Entities that are selected and instantiated as one unit but correspond to a sequence of processes and actions have been proposed and evidenced in other domains. Ullman (1984) suggested that the immediate and effortless perception of spatial properties and relations of objects may be achieved through automatic instantiation of a visual routine—a fixed set of elemental processes on early visual representations (for a related construct see Sprites, Cavanagh, Labianca, & Thornton, 2001). Logan (1999) suggested that attention during perceptual tasks be considered as a routine (attentional routine) consisting of the set of processes that intervene between perception and reaching a goal relevant propositional conclusion, e.g., during identification of object X this routine would intervene between early perceptual processes and the reaching of conscious conclusion that the ‘visible object is X’. Component motor acts of a larger motor action come about through a common program assembled at the beginning of execution (Henry & Rogers, 1960; Schmidt, 1975). Fan et al. (2012) found that creating a means-ends relation between two sequential tasks created an additional delay in the execution of the first task, which they interpreted as related to the time taken by the supervisory control system in chaining subunits into longer goal-directed behavior (see also Sacker & Dehaene, 2009). Botvinick et al. (2009) proposed that extended sequence of behavior (e.g., ‘open laptop’, ‘mouse to browser icon’, ‘double-click’, ‘enter URL’, among others) may be chunked into larger routines (‘check email’) through hierarchical reinforcement learning, wherein the reward signals strengthen the entire sequence of behavior, and not just one act, allowing instantiation of the entire sequence as a routine. In comparison, current results suggested that abstract, unpredictable, higher level sequential behavior can be executed as one-routine in absence means-ends relation and without receiving hierarchical reinforcing reward signals if that behavior is construed as one task entity.

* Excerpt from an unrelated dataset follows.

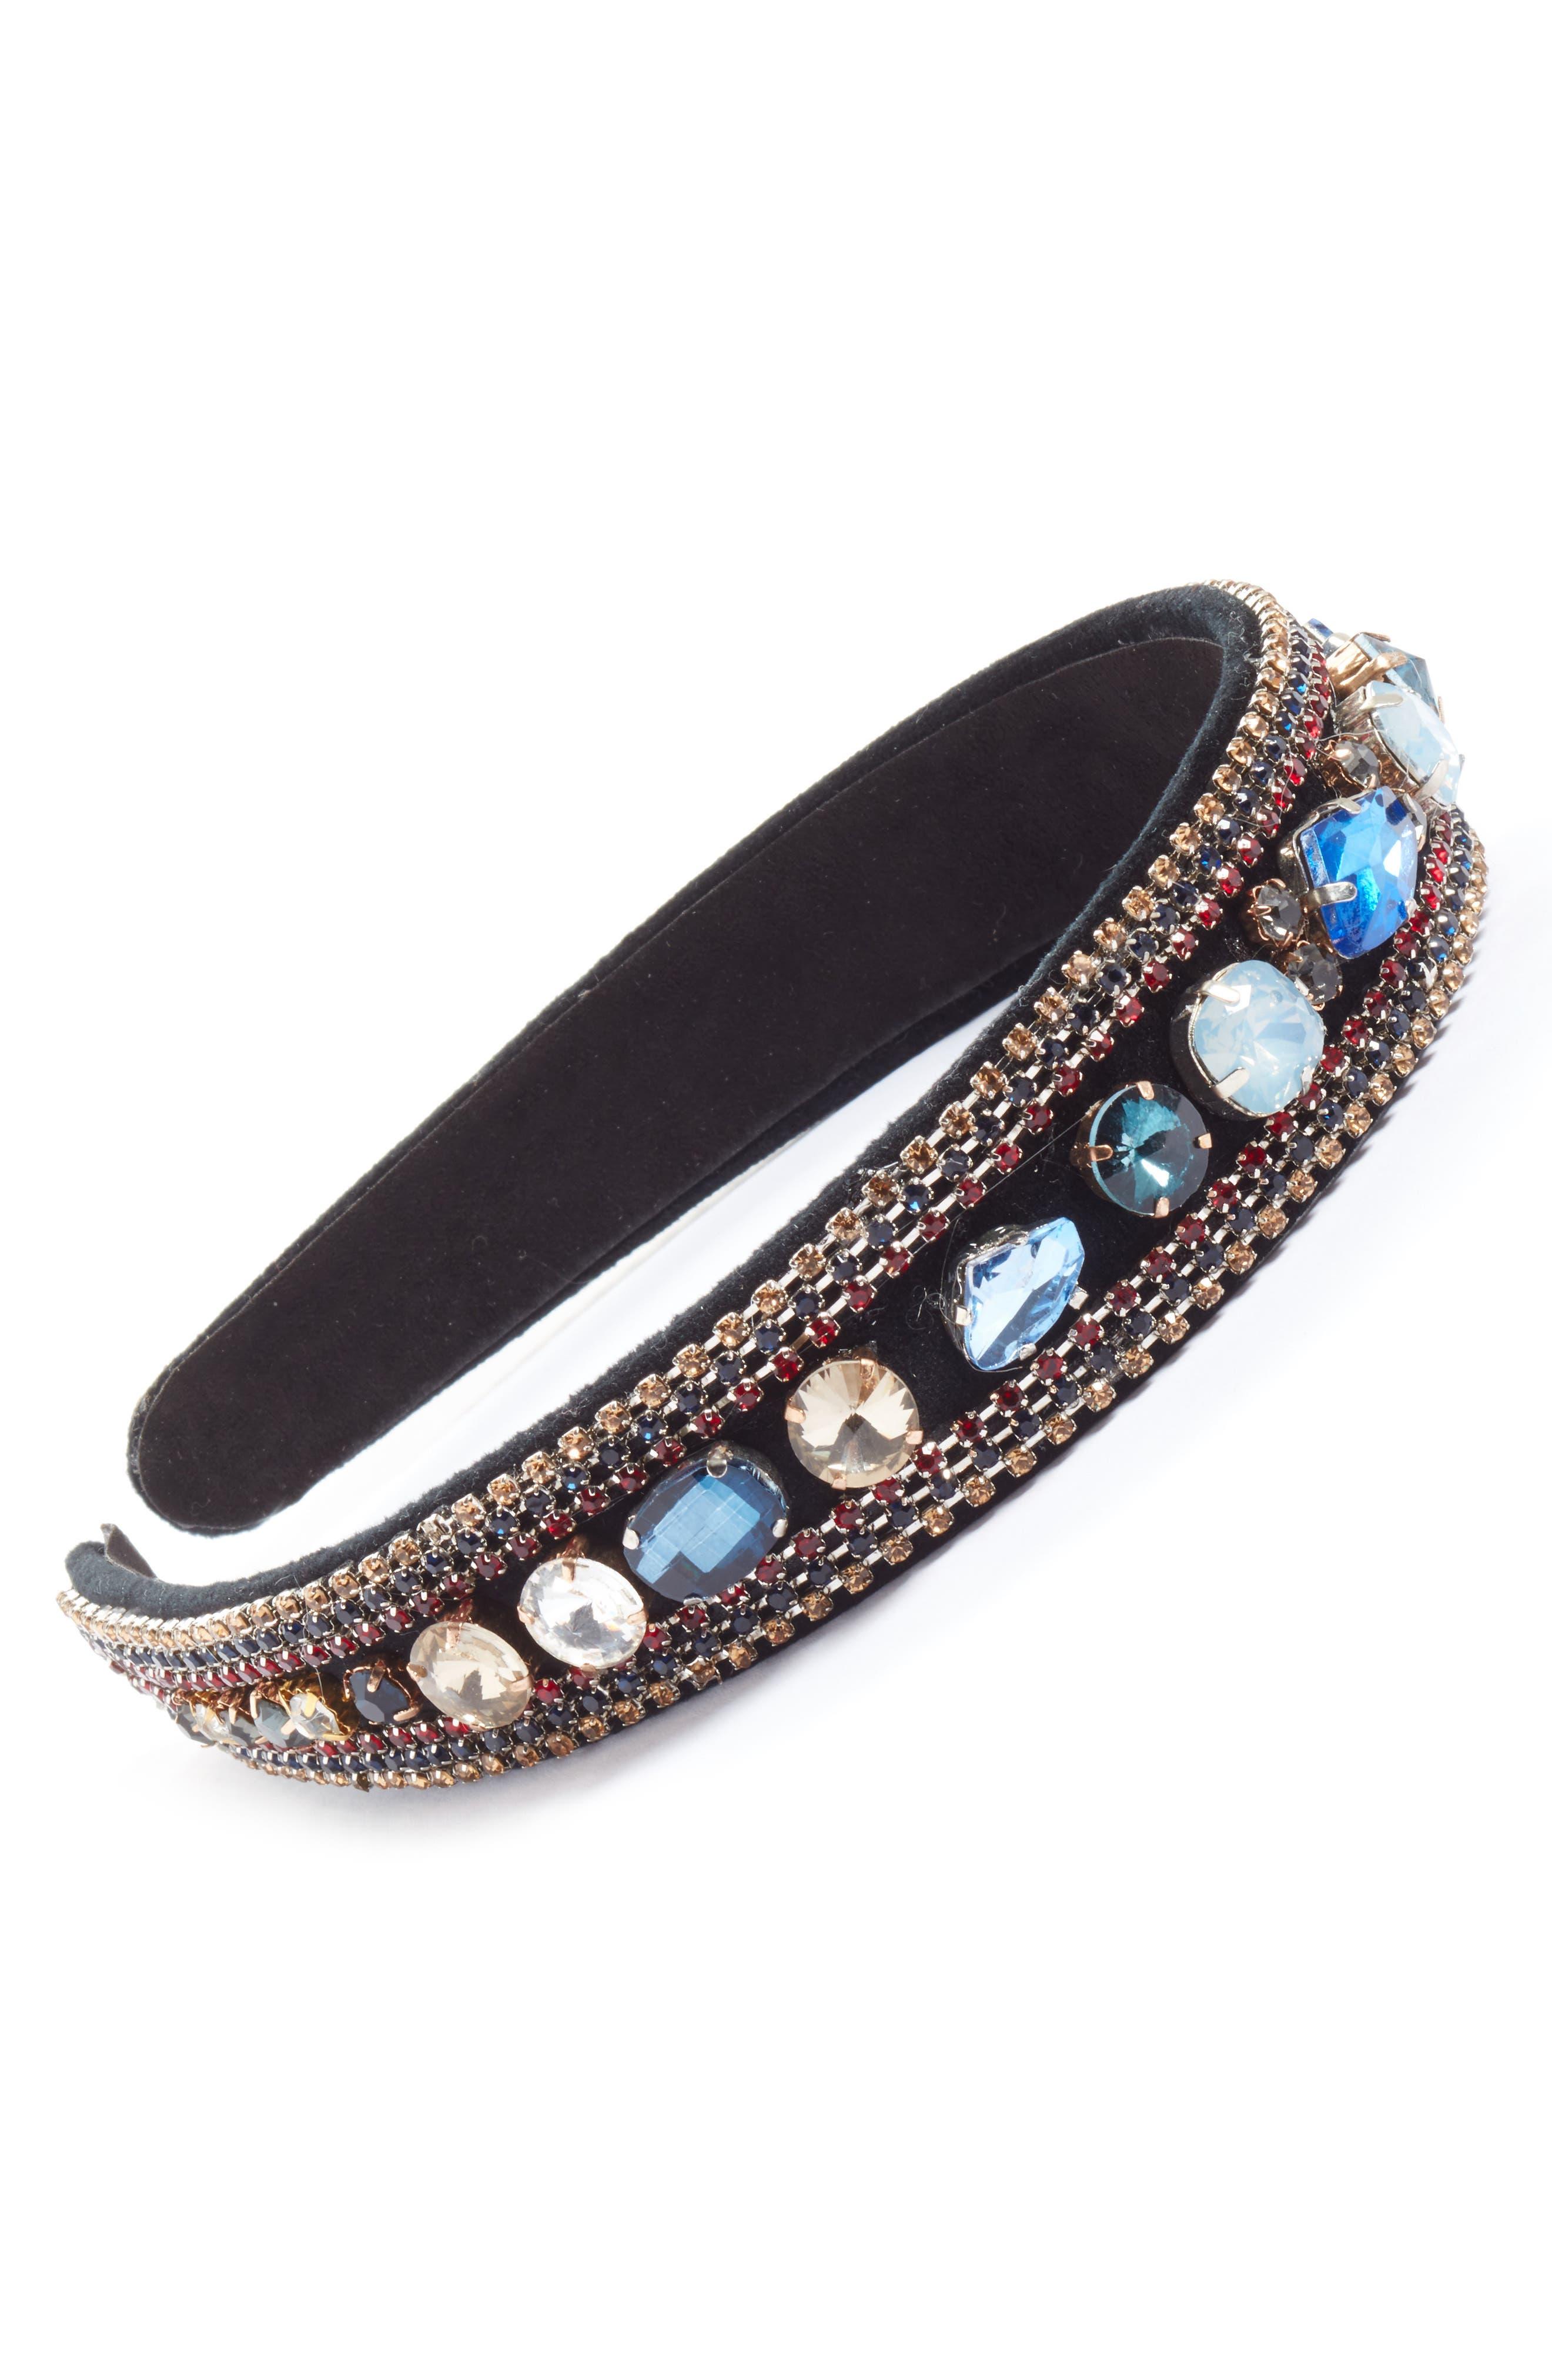 Alternate Image 1 Selected - Tasha Chunky Crystal Embellished Headband
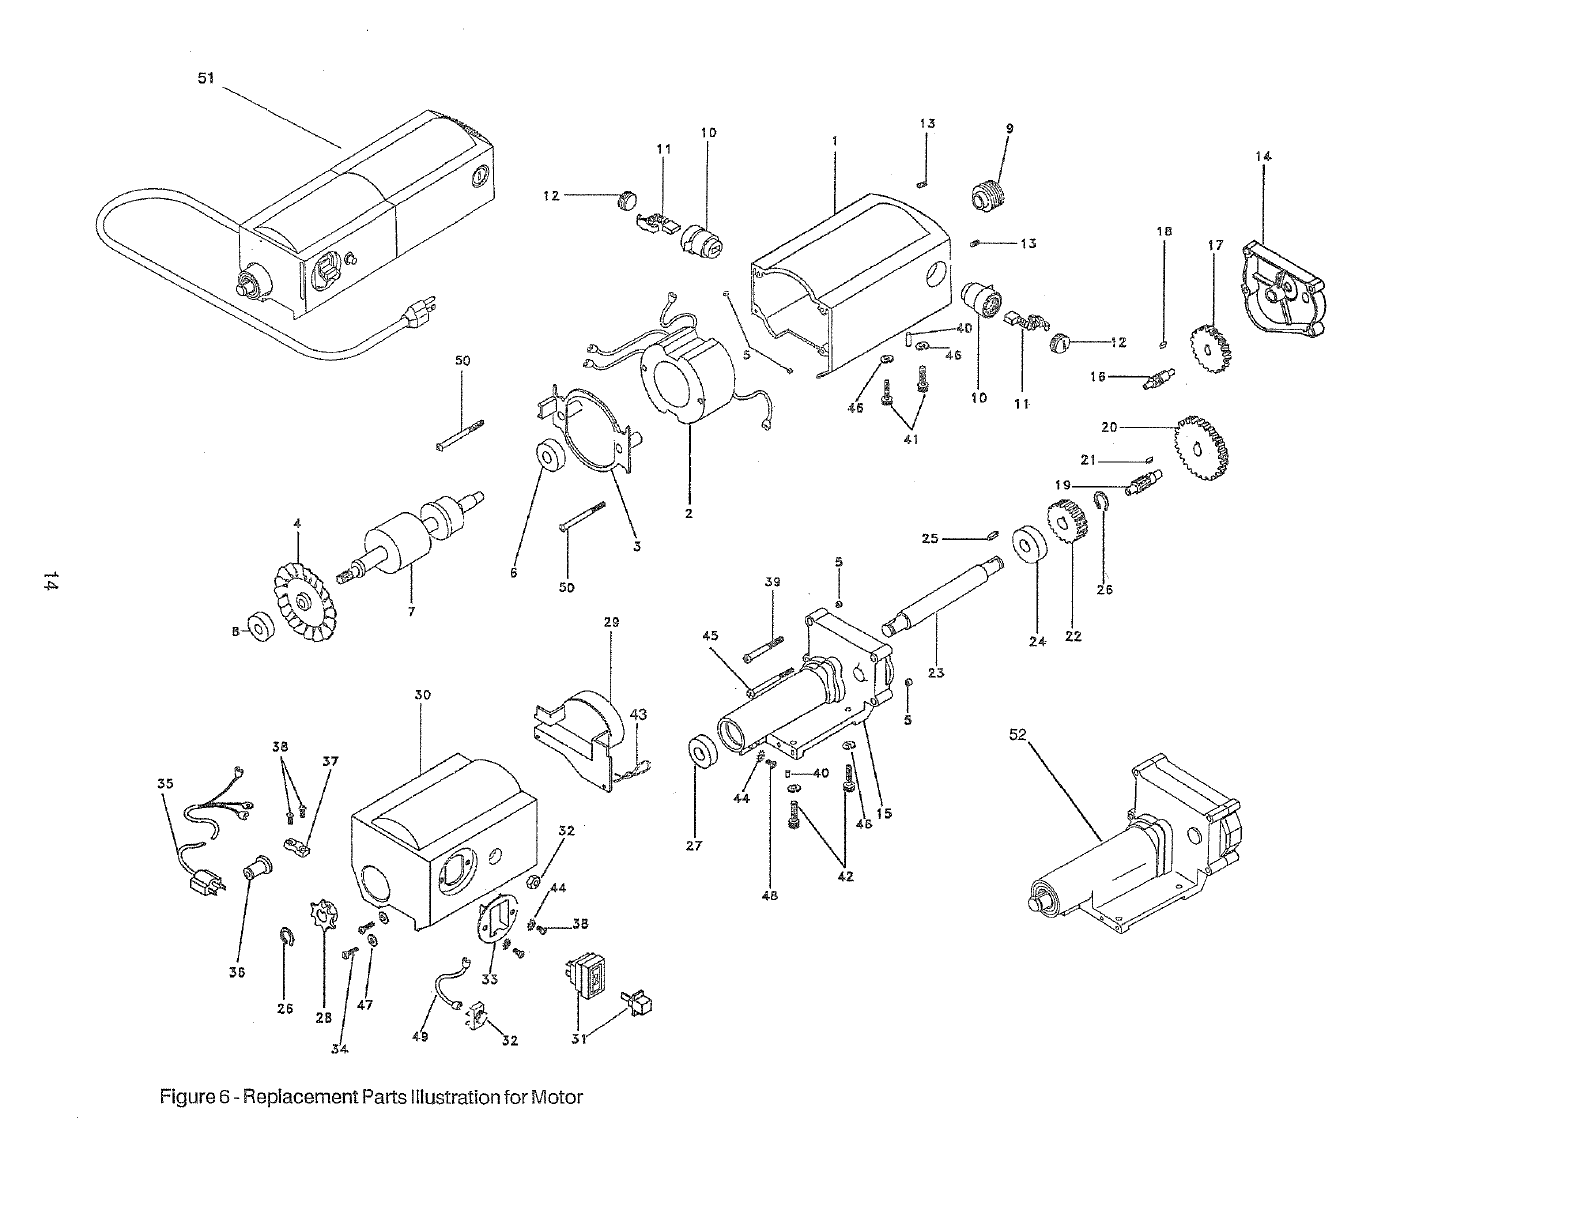 Craftsman 351233731 User Manual PLANER Manuals And Guides

We suggest that our phenomenal experience of executing task identities (e.g., ‘prepare breakfast’, ‘boil water’) as a whole, and not of individually executing its very many components, may be real (Vallacher & Wegner, 1989). These typically correspond to an episode and consist of numerous sequential acts (‘prepare breakfast’, ‘boil water’). We suggest that our phenomenal experience of executing such task identities as a whole, and not of individually executing its very many components, may be real. At the beginning of task episodes we prepare for the entire episode as one unit. This preparation is embodied in a program. The actual contents of this program, and the prospective preparation it embodies, may depend on the familiarity and predictability of the task episode related to that goal. Completely predictable tasks may be prepared down to the level of individual motor acts to be made across time (e.g., Henry & Rogers, 1960; Rosenbaum et al., 1983). During less predictable task episodes like memorized task-sequence execution the program may involve preparing for the sequence of stimulus—response rules to be applied across time (e.g., Schneider & Logan, 2006). During unpredictable task episodes, the program may only instantiate goal-directed attention and other control processes, and their related changes in cognition that enable the search for implementation strategies that will culminate in goal completion.